Plus qu’un concept, « la malédiction de la puissance » est proposée comme théorie, comme proposition générale aux fins d’analyse et d’explication des relations internationales. En tant que telle, « la malédiction de la puissance » se manifeste à travers quatre voies majeures : 1) « la malédiction de la puissance » implique l’adaptation au système complexe que constituent les relations internationales, système caractérisé par la multiplicité des interconnections entre acteurs et structures, par les réactions manifestes ou latentes à toute stratégie d’optimisation de la puissance de la part d’un État ou de plusieurs États ; 2) « la malédiction de la puissance » se traduit par l’expansion excessive qui, en même temps qu’elle marque la présence globale d’un État, ne constitue pas moins un indicateur de sa dépendance à l’égard de ces territoires et une source de la globalisation de l’hostilité à son égard ; 3) « la malédiction de la puissance » s’illustre par le « risque moral », c’est-à-dire le comportement d’assurance et de désinvolture des États lié à leur possession des ressources significatives de la puissance et à la sous-estimation subséquente de la nécessité de développer des sources alternatives de puissance ou de rechercher les facteurs de vulnérabilité ; 4) « la malédiction de la puissance » conduit au « cycle vicieux de l’unilatéralisme », tant s’est consolidée la croyance en l’autosuffisance.

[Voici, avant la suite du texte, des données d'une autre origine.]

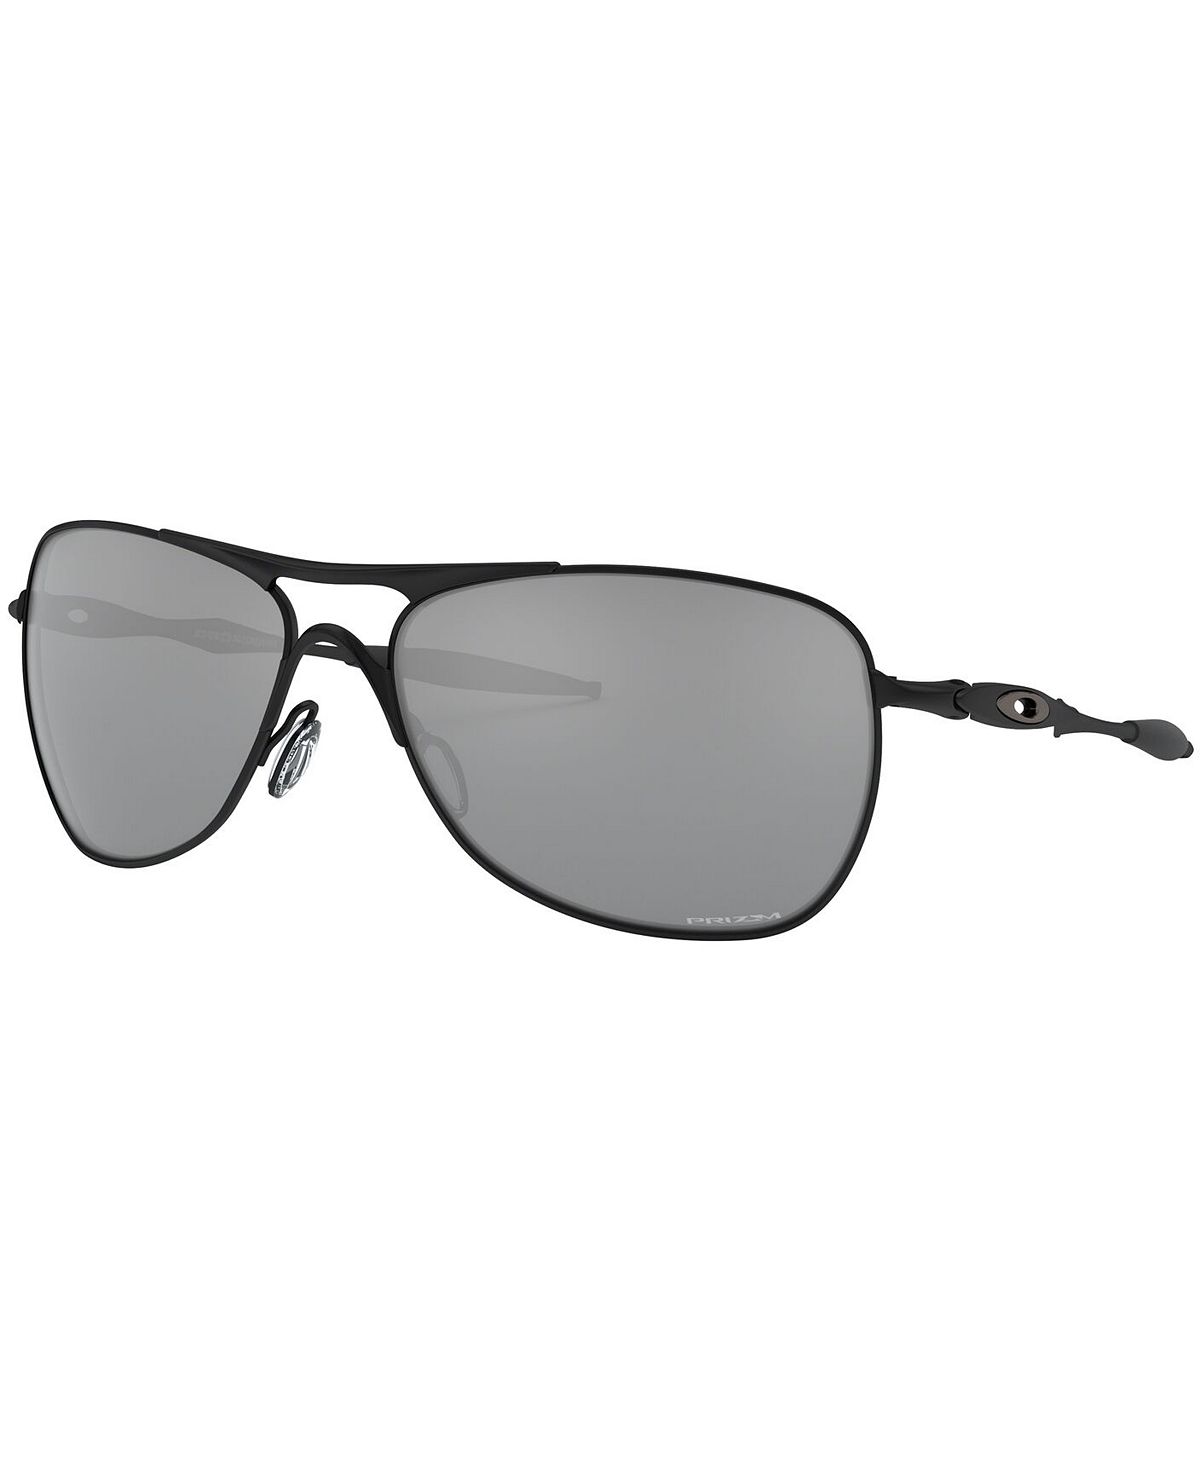 Солнцезащитные очки CROSSHAIR, OO4060 Oakley

Ainsi présentée, la théorie de la « malédiction de la puissance » intègre les sources de soft power et de hard power ; en d’autres termes, elle est présente dans tous les types de manifestations de la puissance, suivant qu’il s’agit d’une manifestation « douce » ou immatérielle fondée sur la culture, par exemple, ou d’une manifestation « dure » impliquant l’usage de la force armée. Cette théorie est mobilisée tout au long de l’ouvrage pour expliquer aussi bien la guerre du Péloponnèse que la « doctrine de Bush » en passant par la crise du système financier britannique au 19e siècle et la guerre du Vietnam.

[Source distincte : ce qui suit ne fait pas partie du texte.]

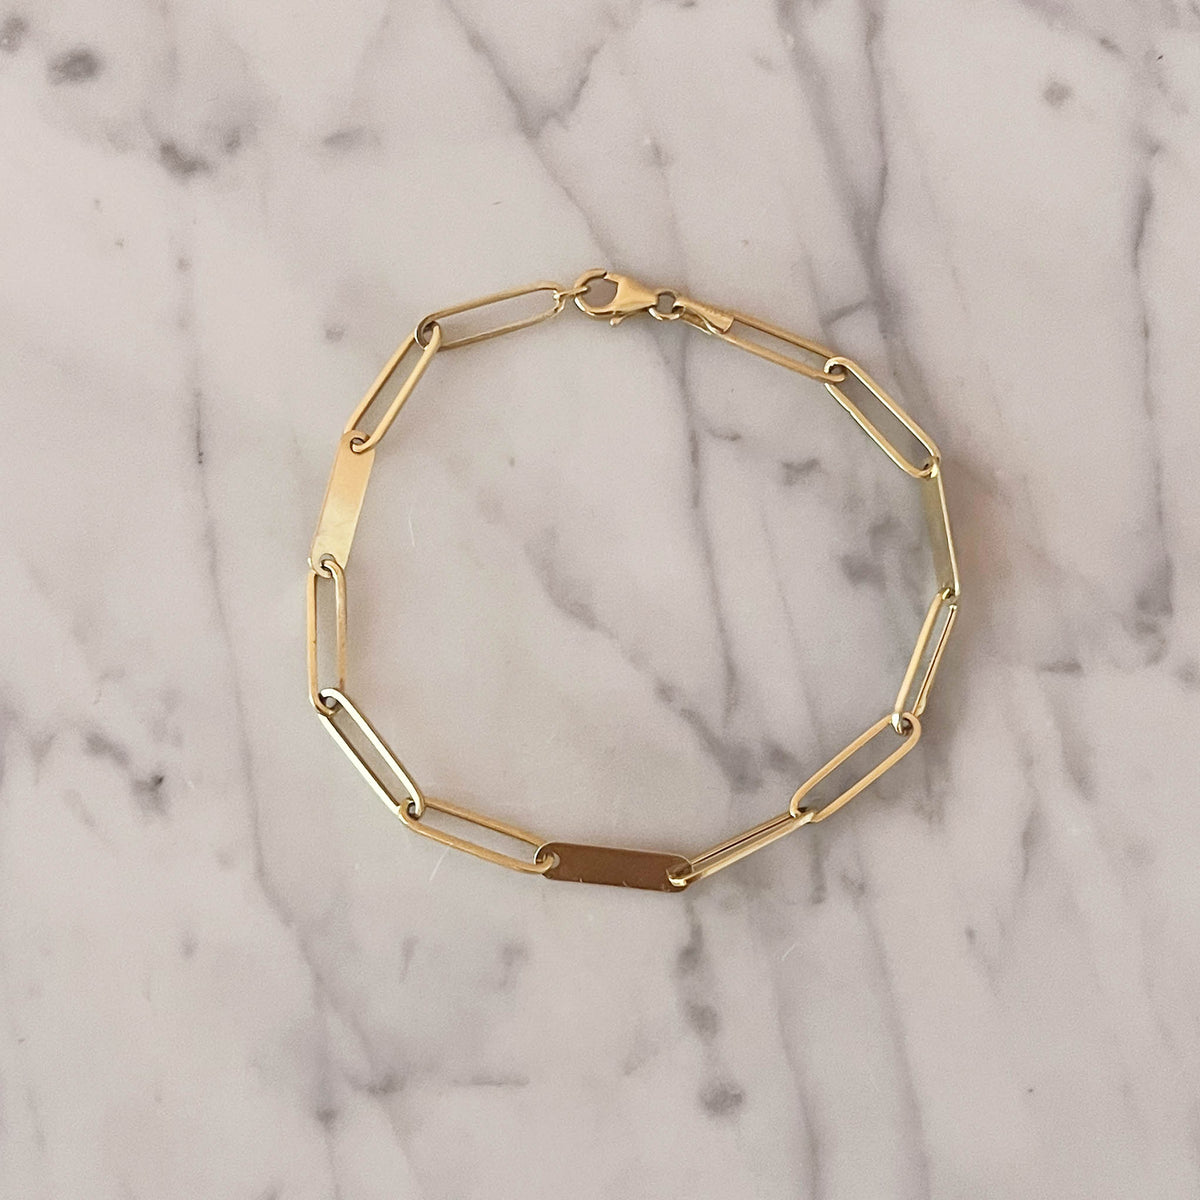 Solid 14kt Gold Paper Clip Bar Bracelet

En conclusion, cet ouvrage constitue une remarquable contribution scientifique à l’étude de la puissance sur les plans théorique et empirique. En associant le réalisme au néolibéralisme et au constructivisme, il propose une théorie intégrée des relations internationales, à savoir la cosmopolitik.

Si l’originalité de l’approche est incontestable, on peut légitimement se demander si la notion d’effet pervers ou encore de fonctions latentes utilisée en sociologie pour rendre compte des conséquences non désirées, non voulues d’un acte ne suffirait pas pour rendre compte de l’affaiblissement comme résultante de la recherche de la puissance. L’innovation conceptuelle amène souvent à oublier les concepts classiques dont la fécondité heuristique est constante. Bien plus, il aurait été convenable que Gallarotti reconnaisse davantage sa dette intellectuelle à l’égard de ceux qui ont éprouvé la notion de « malédiction du pétrole » dont il s’est abondamment inspiré. Pour ce qui est de la proposition d’une théorie intégrée des relations internationales, dans sa volonté d’unification des théories, elle est contestable tant elle est porteuse d’éclectisme et d’incohérence analytique. Certes, on peut transcender les clivages entre théories à partir d’une problématique permettant de mobiliser diverses théories de manière complémentaire ; mais complémentarité n’est pas synonyme d’unicité.